We'd like to submit a formal moving patch applied to staging tree
for 5.4, before that we'd like to hear if there are some ACKs,
suggestions or NAKs, objections of EROFS. Therefore, we can improve
it in this round or rethink about the whole thing.

As related materials mentioned [1] [2], the goal of EROFS is to
save extra storage space with guaranteed end-to-end performance
for read-only files, which has better performance over exist Linux
compression filesystems based on fixed-sized output compression
and inplace decompression. It even has better performance in
a large compression ratio range compared with generic uncompressed
filesystems with proper CPU-storage combinations. And we think this
direction is correct and a dedicated kernel team is continuously /
actively working on improving it, enough testers and beta / end
users using it.

EROFS has been applied to almost all in-service HUAWEI smartphones
(Yes, the number is still increasing by time) and it seems like
a success. It can be used in more wider scenarios. We think it's
useful for Linux / Android OS community and it's the time moving
out of staging.

In order to get started, latest stable mkfs.erofs is available at

git://git.kernel.org/pub/scm/linux/kernel/git/xiang/erofs-utils.git -b dev

with README in the repository.

We are still tuning sequential read performance for ultra-fast
speed NVME SSDs like Samsung 970PRO, but at least now you can
try on your PC with some data with proper compression ratio,
the latest Linux kernel, USB stick for convenience sake and
a not very old-fashioned CPU. There are also benchmarks available
in the above materials mentioned.

EROFS is a self-contained filesystem driver. Although there are
still some TODOs to be more generic, we will actively keep on
developping / tuning EROFS with the evolution of Linux kernel
as the other in-kernel filesystems.

As I mentioned before in LSF/MM 2019, in the future, we'd like
to generalize the decompression engine into a library for other
fses to use after the whole system is mature like fscrypt.
However, such metadata should be designed respectively for
each fs, and synchronous metadata read cost will be larger
than EROFS because of those ondisk limitation. Therefore EROFS
is still a better choice for read-only scenarios.
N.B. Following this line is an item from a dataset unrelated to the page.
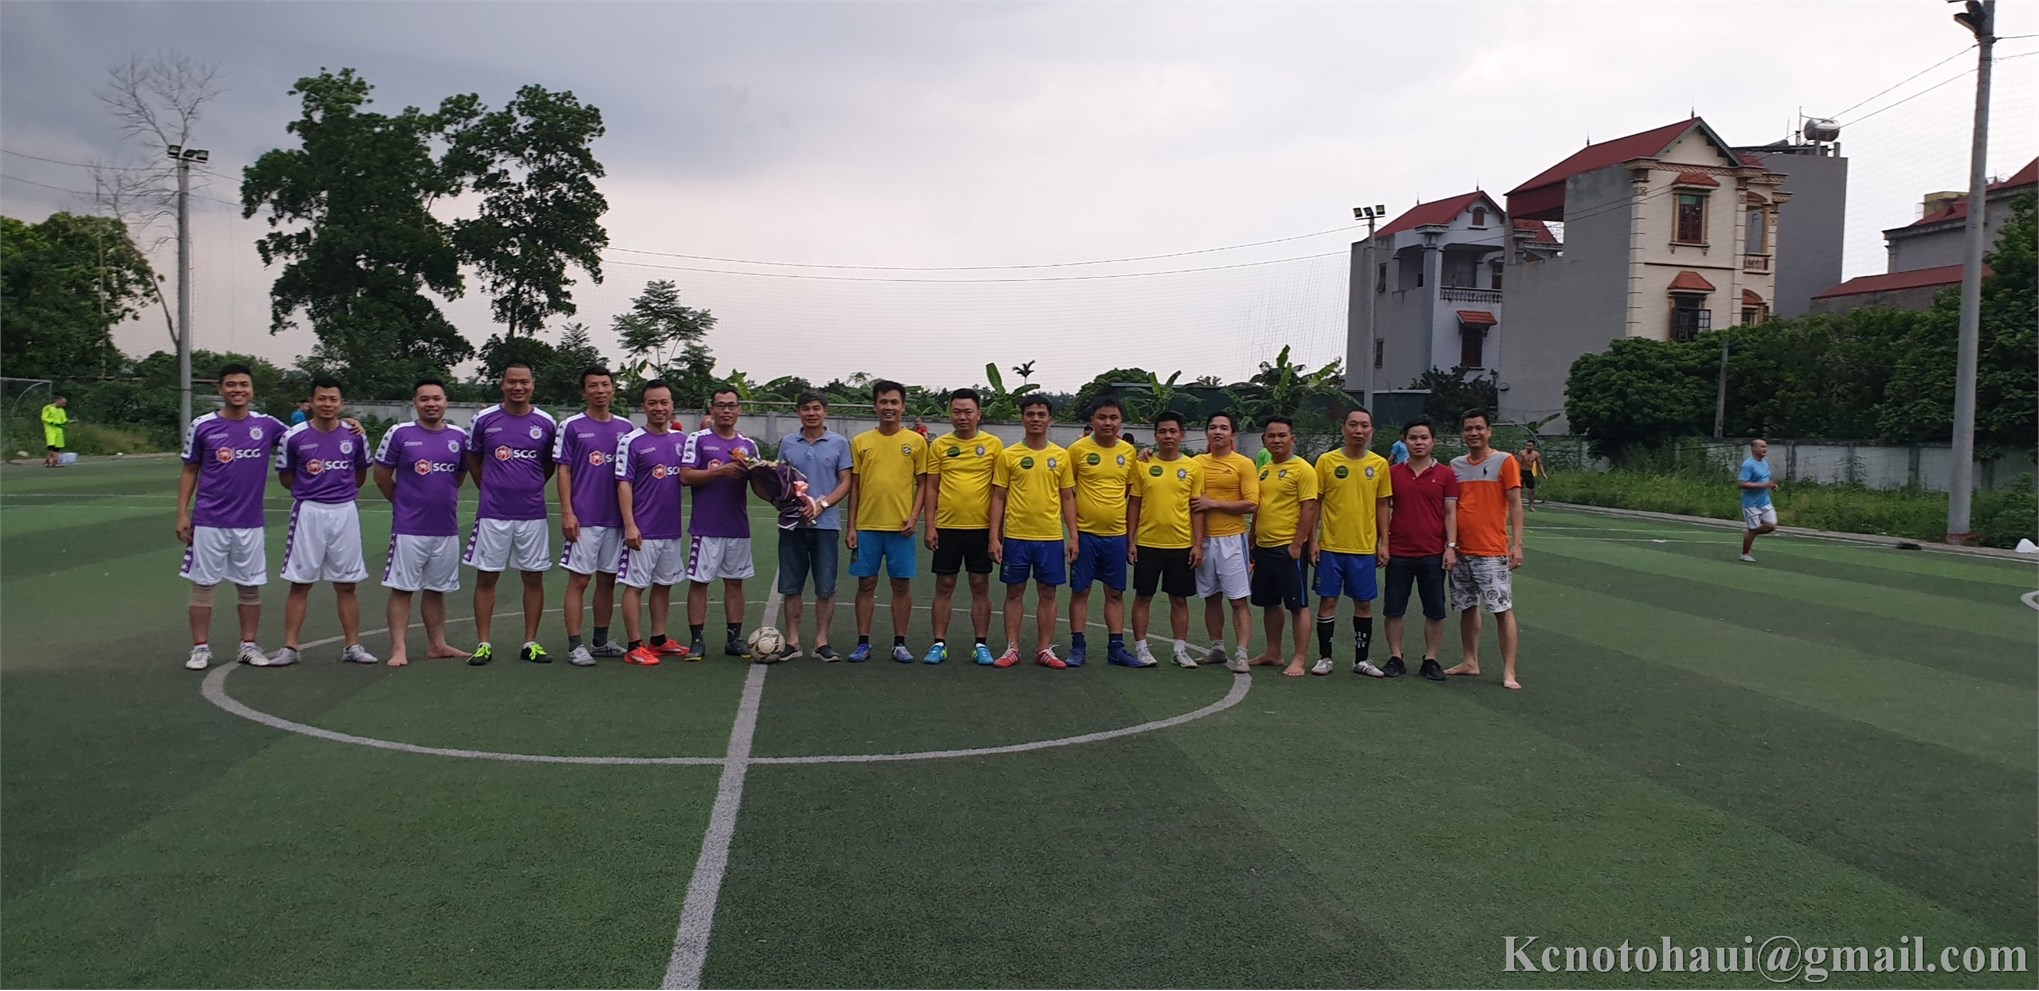 Buổi giao hữu bóng đá với đội tuyển cựu sinh viên ĐHÔTÔ Khóa 1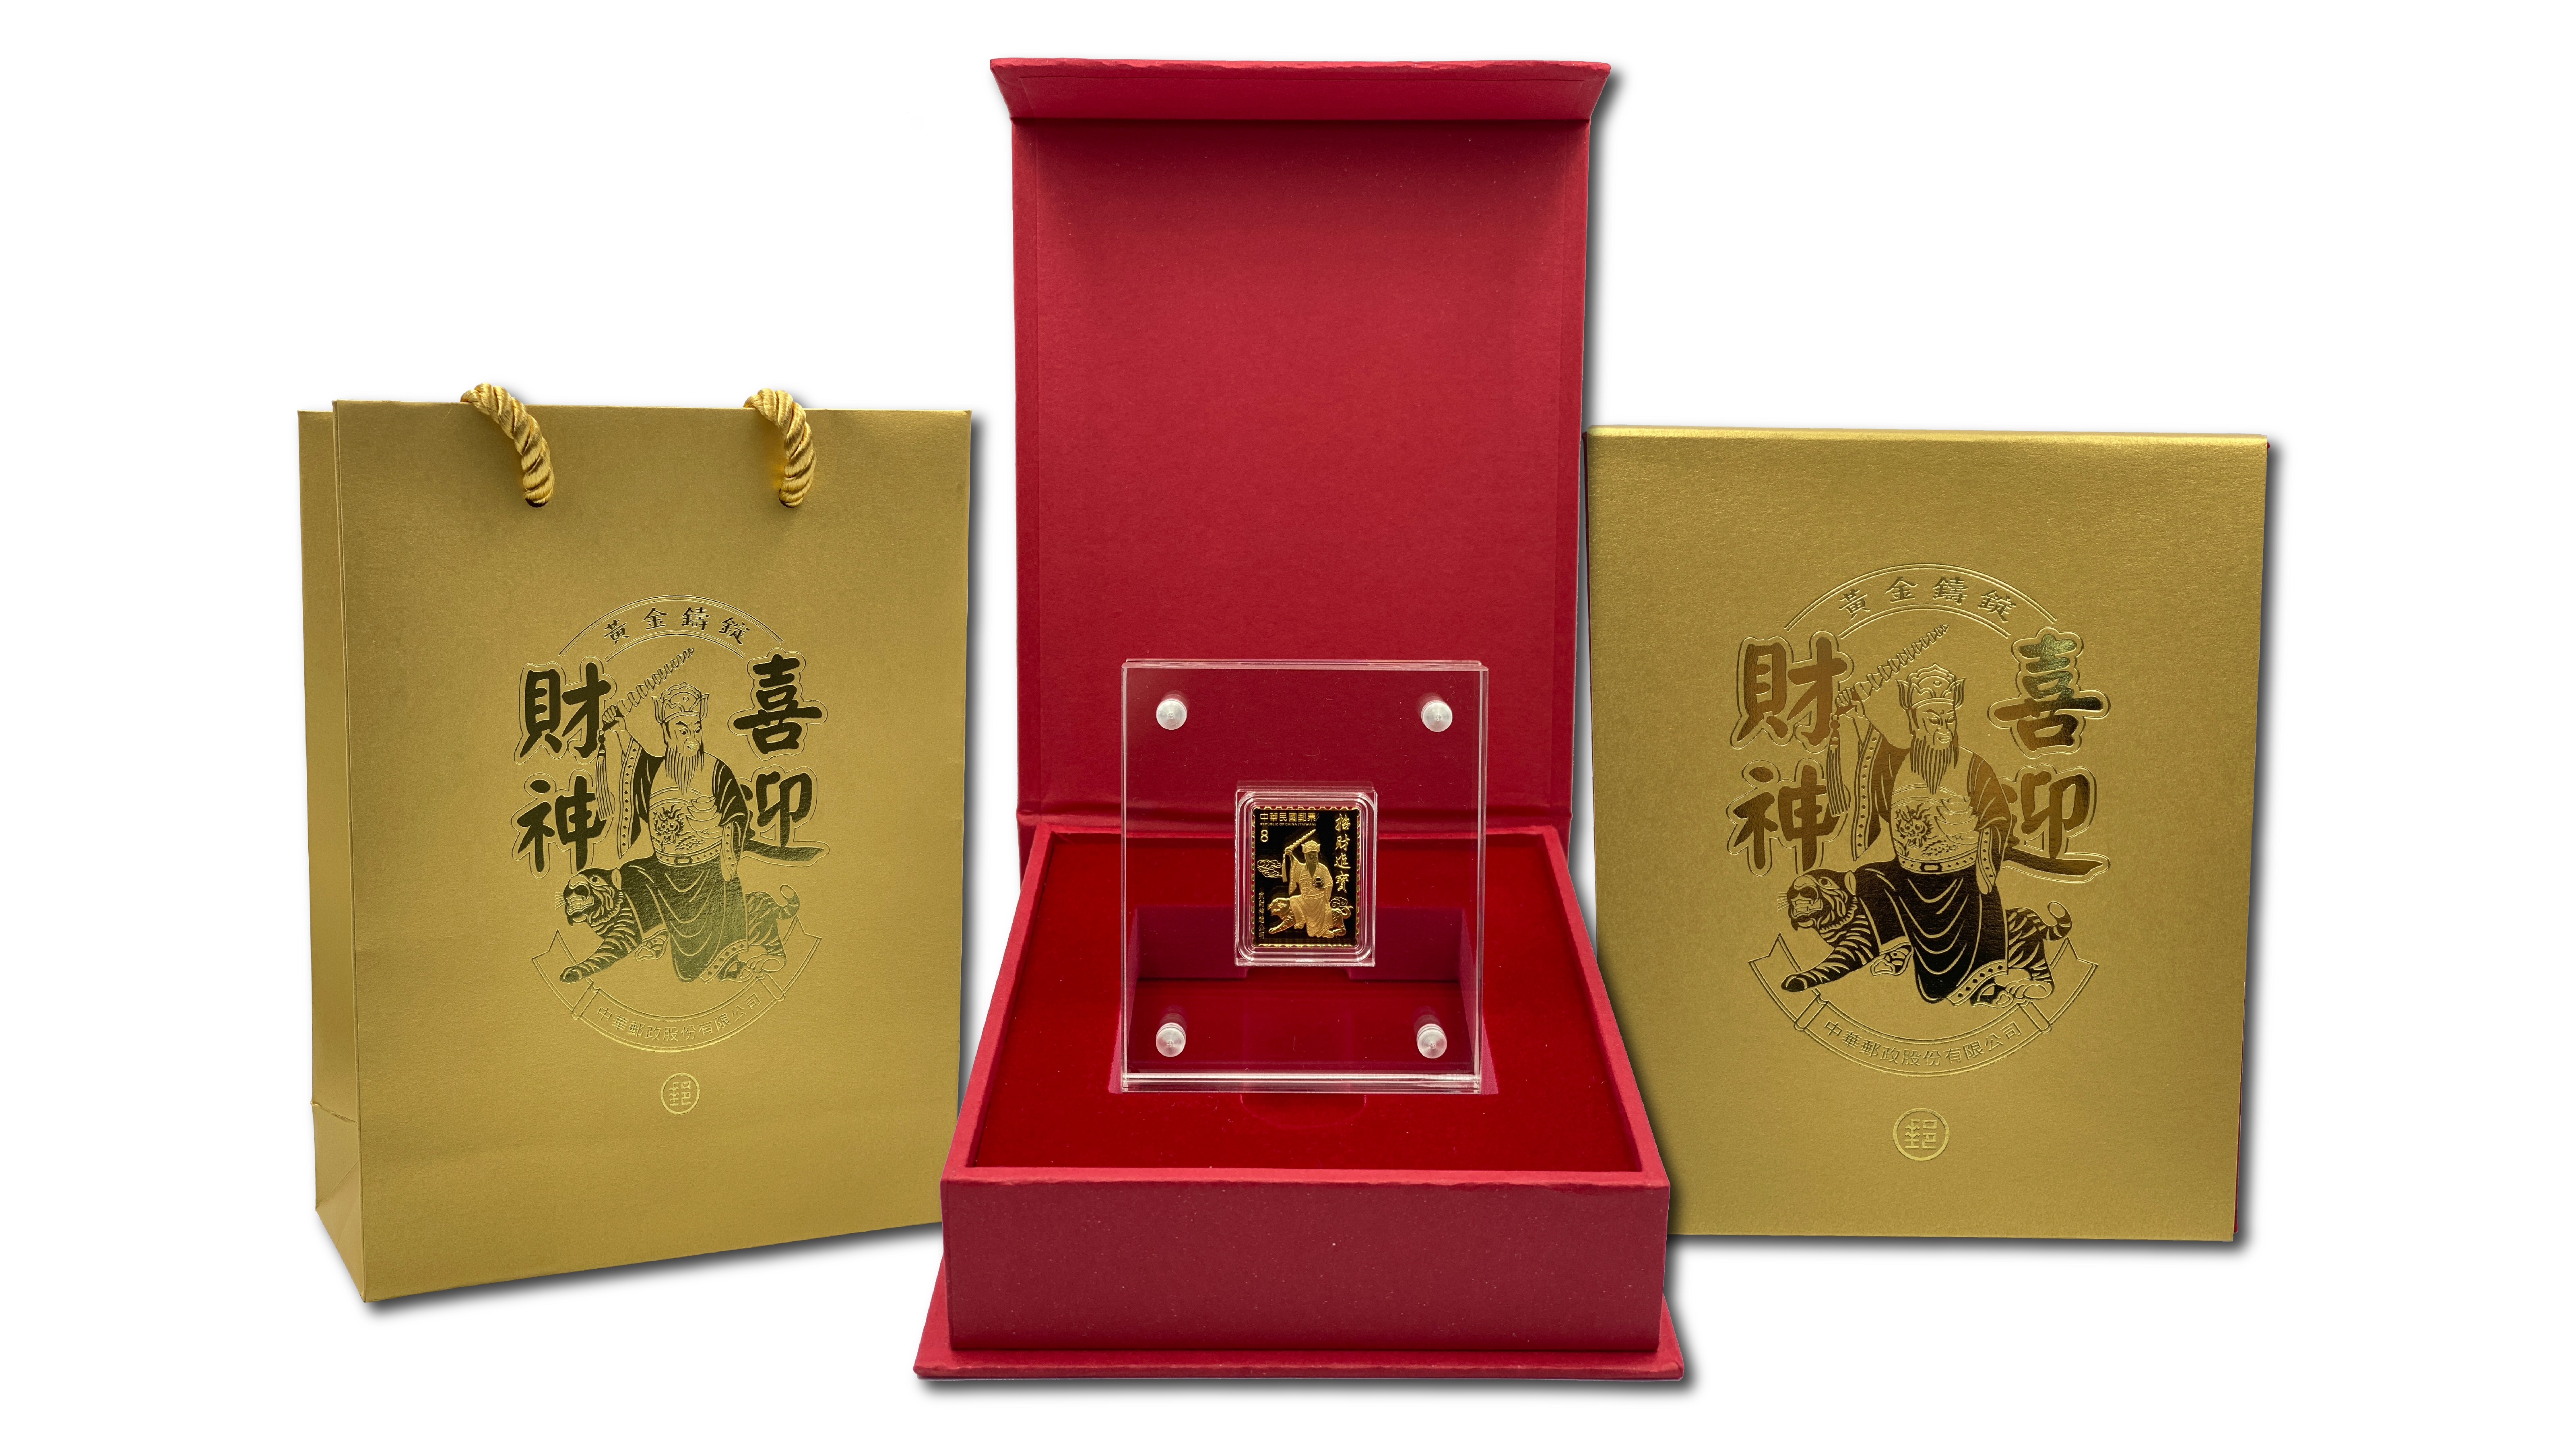 中華郵政推「喜迎財神黃金鑄錠」

EROFS is now ready for reviewing and moving, and the code is
already cleaned up as shiny floors... Please kindly take some
precious time, share your comments about EROFS and let us know
your opinion about this. It's really important for us since
generally speaking, we like to use Linux _in-tree_ stuffs rather
than lack of supported out-of-tree / orphan stuffs as well.

Thank you in advance,
Gao Xiang

[1] 
https://kccncosschn19eng.sched.com/event/Nru2/erofs-an-introduction-and-our-smartphone-practice-xiang-gao-huawei
[2] https://www.usenix.org/conference/atc19/presentation/gao

Changelog from v7:
 o keep up with the latest staging tree in addition to
   the latest staging patch:
   https://lore.kernel.org/r/20190814103705.60698-1-gaoxian...@huawei.com/
   - use EUCLEAN for fs corruption cases suggested by Pavel;
   - turn EIO into EOPNOTSUPP for unsupported on-disk format;
   - fix all misused ENOTSUPP into EOPNOTSUPP pointed out by Chao;
 o update cover letter

It can also be found in git at tag "erofs_2019-08-15" (will be shown later) at:
 https://git.kernel.org/pub/scm/linux/kernel/git/xiang/linux.git/

and the latest fs code is available at:
 
https://git.kernel.org/pub/scm/linux/kernel/git/xiang/linux.git/tree/fs/erofs?h=erofs-outofstaging

Changelog from v6:
 o keep up with the latest staging patchset
   
https://lore.kernel.org/linux-fsdevel/20190813023054.73126-1-gaoxian...@huawei.com/
   in order to fix the following cases:
   - inline erofs_inode_is_data_compressed() in erofs_fs.h;
   - remove incomplete cleancache;
   - remove all BUG_ON in EROFS.
 o Removing the file names from the comments at the top of the files
   suggested by Stephen will be applied to the real moving patch later.

Changelog from v5:
 o keep up with "[PATCH v2] staging: erofs: updates according to 
erofs-outofstaging v4"
https://lore.kernel.org/lkml/20190731155752.210602-1-gaoxian...@huawei.com/
   which mainly addresses review comments from Chao:
  - keep the marco EROFS_IO_MAX_RETRIES_NOFAIL in internal.h;
  - kill a redundant NULL check in "__stagingpage_alloc";
  - add some descriptions in document about "use_vmap";
  - rearrange erofs_vmap of "staging: erofs: kill 
CONFIG_EROFS_FS_USE_VM_MAP_RAM";

 o all changes have been merged into staging tree, which are under 
staging-testing:

https://git.kernel.org/pub/scm/linux/kernel/git/gregkh/staging.git/log/?h=staging-testing

Changelog from v4:
 o rebase on Linux 5.3-rc1;

 o keep up with "staging: erofs: updates according to erofs-outofstaging v4"
   in order to get main 

[PATCH v8 06/24] erofs: support special inode

2019-08-14 Thread Gao Xiang
This patch adds to support special inode, such as
block dev, char, socket, pipe inode.

Signed-off-by: Gao Xiang 
---
 fs/erofs/inode.c | 32 ++--
 1 file changed, 30 insertions(+), 2 deletions(-)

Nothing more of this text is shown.